Revised by Alexey's comments.

ABataev added inline comments.Oct 7 2019, 7:01 AM
lib/Sema/SemaCUDA.cpp
604 ↗(On Diff #223284)

I believe this function can be removed

lib/Sema/SemaDecl.cpp
17619 ↗(On Diff #223284)

Better to use real type here, not auto

17623–17626 ↗(On Diff #223284)

Enclose in braces

17626 ↗(On Diff #223284)

Hmm, it must be marked as know-emitted only if S.DeviceKnownEmittedFns.count(FD) > 0. Otherwise, it must be unknown.

17629–17631 ↗(On Diff #223284)

Enclose in braces, not goo to have else branch enclosed in braces and then branch without.

17641 ↗(On Diff #223284)

Same here, it must be marked as know-emitted only if S.DeviceKnownEmittedFns.count(FD) > 0. Otherwise, it must be unknown.

17684–17689 ↗(On Diff #223284)

Reformat the comment here

lib/Sema/SemaOpenMP.cpp
1629–1630 ↗(On Diff #223284)

The same condition is checked twice, one of them must be for CalleeS, I believe

1674 ↗(On Diff #223284)

Again, the same condition checked twice.

yaxunl updated this revision to Diff 223712.Oct 7 2019, 6:13 PM
yaxunl marked 14 inline comments as done.

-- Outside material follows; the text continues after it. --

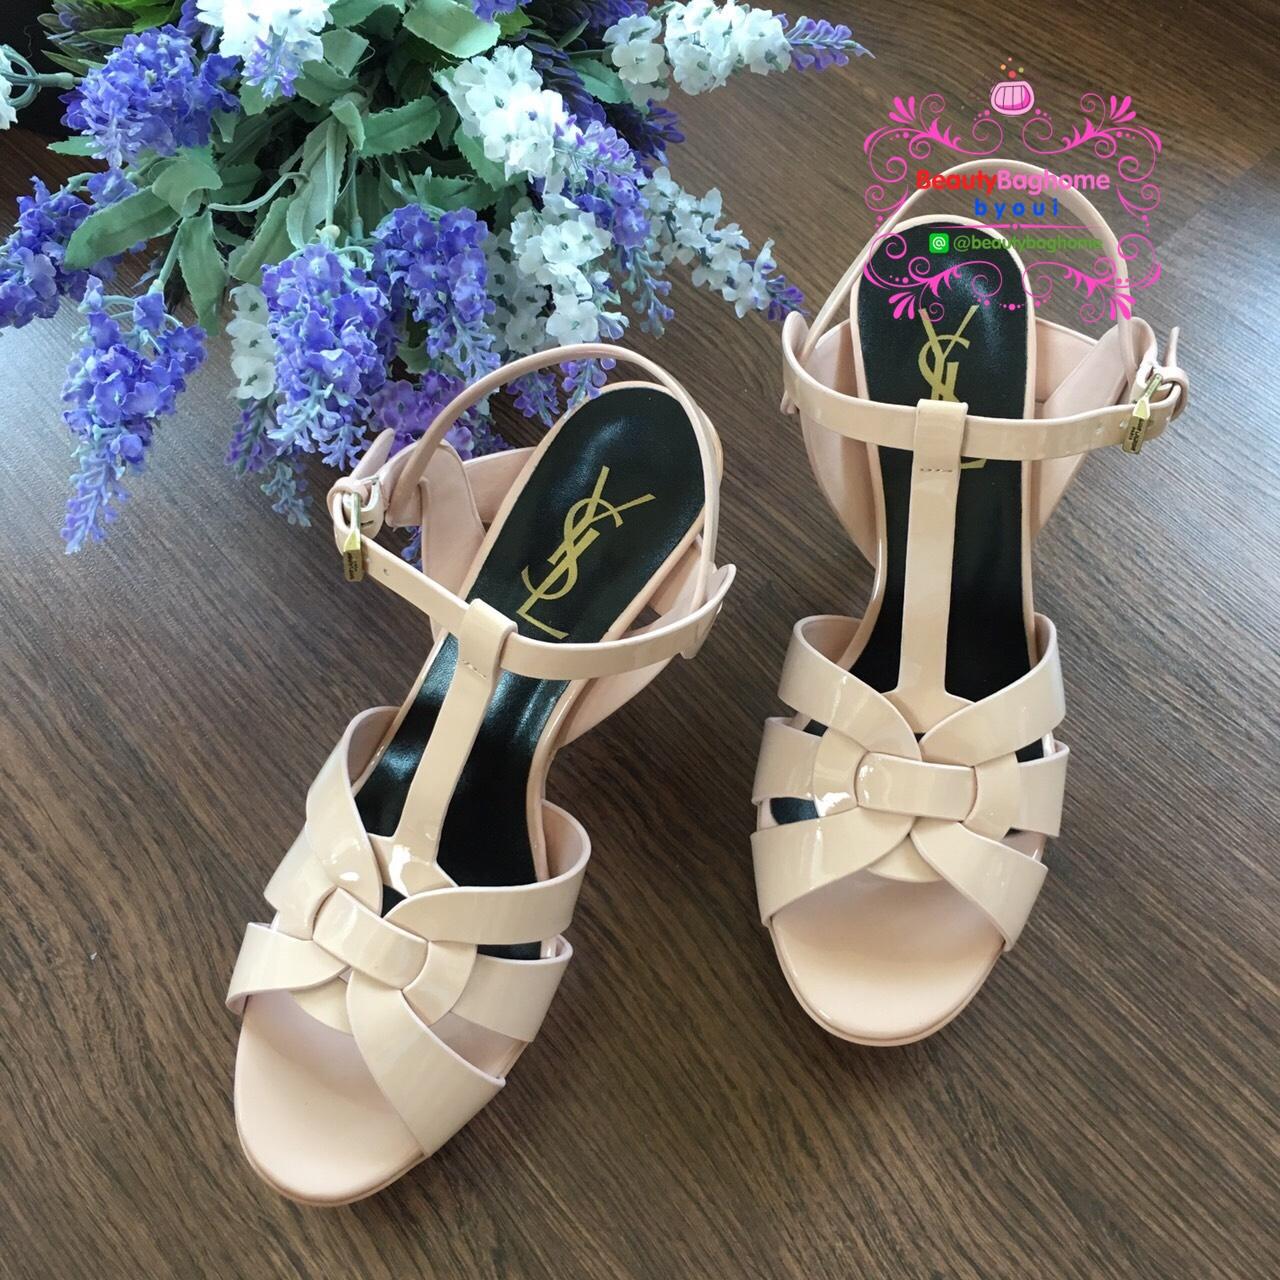 Yves Saint Laurent Tribute Sandal shoes สีชมพู Hiend 1:1

revised by Alexey's comments.

ABataev added inline comments.Oct 8 2019, 6:31 AM
lib/Sema/SemaCUDA.cpp
616 ↗(On Diff #223712)

I assume, better to use cast here, not dyn_cast

645 ↗(On Diff #223712)

Same here, just cast

lib/Sema/SemaOpenMP.cpp
1627–1628 ↗(On Diff #223712)

Better to use real type instead of auto here

1670–1671 ↗(On Diff #223712)

Real types instead of auto

yaxunl updated this revision to Diff 224126.Oct 9 2019, 12:25 PM
yaxunl marked 8 inline comments as done.

revised by Alexey's comments.

lib/Sema/SemaCUDA.cpp
616 ↗(On Diff #223712)

done

645 ↗(On Diff #223712)

done

604 ↗(On Diff #223284)

done

lib/Sema/SemaDecl.cpp
17619 ↗(On Diff #223284)

done

17623–17626 ↗(On Diff #223284)

done

17626 ↗(On Diff #223284)

done

17629–17631 ↗(On Diff #223284)

done

17641 ↗(On Diff #223284)

done

17684–17689 ↗(On Diff #223284)

done

lib/Sema/SemaOpenMP.cpp
1627–1628 ↗(On Diff #223712)

done

1670–1671 ↗(On Diff #223712)

done

1629–1630 ↗(On Diff #223284)

done

1674 ↗(On Diff #223284)

done

This revision is now accepted and ready to land.Oct 9 2019, 12:30 PM
This revision was automatically updated to reflect the committed changes.